Sakura Internet's expansion strategy illustrates how local cloud providers are positioning themselves as alternatives to global hyperscalers like Microsoft, Amazon, and Google by emphasizing data sovereignty, local infrastructure, and specialized AI capabilities. The company is building GPU-enabled infrastructure in locations like the Ishikari data center park in Hokkaido, where cooler climates reduce cooling costs. Japan's interest in building sovereign AI infrastructure also reflects growing concerns about geopolitical and economic risks tied to relying on foreign cloud providers.

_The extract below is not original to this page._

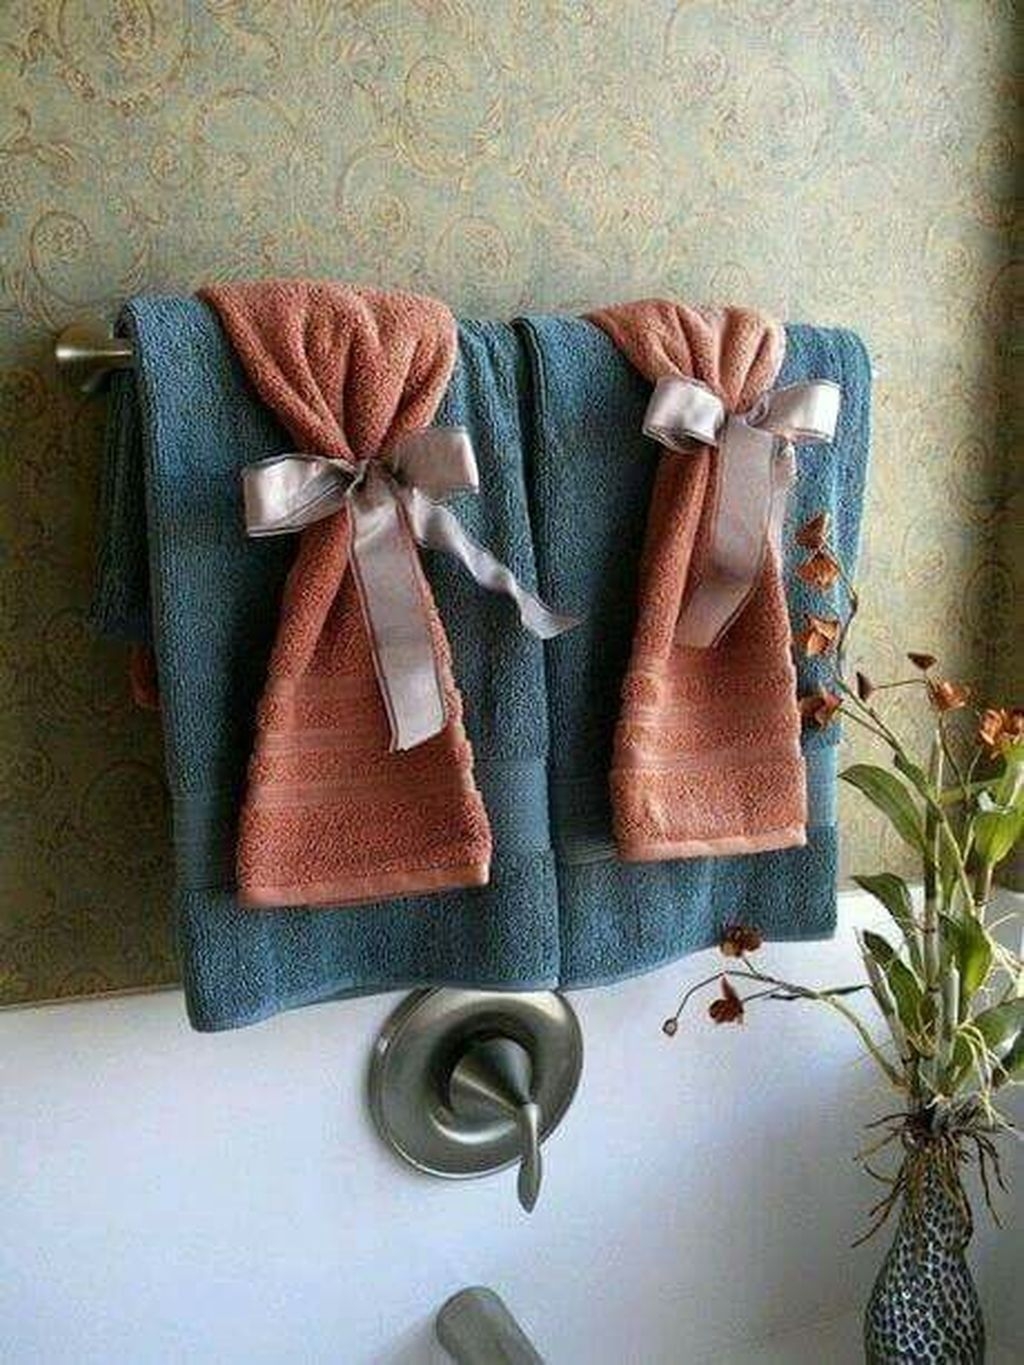 Affordable Towel Ideas For Best Bathroom Inspiration 49

However, the energy challenge remains formidable. As AI adoption accelerates across finance, healthcare, manufacturing, and government services, the demand for computing power will continue to outpace improvements in efficiency. Industry experts predict that future growth of AI will necessitate considerable upgrades to power generation, maintenance of grid stability, and incorporation of renewable energy sources. Without coordinated action across storage, data center, and semiconductor industries, Japan's AI ambitions could be constrained by power availability.

The situation underscores a broader tension in the AI era: the technology that promises to solve complex problems and drive economic growth also demands enormous amounts of energy. Japan's approach, combining aggressive infrastructure investment with a focus on energy efficiency and renewable power, offers a model for how nations can pursue AI leadership while managing environmental and energy security concerns.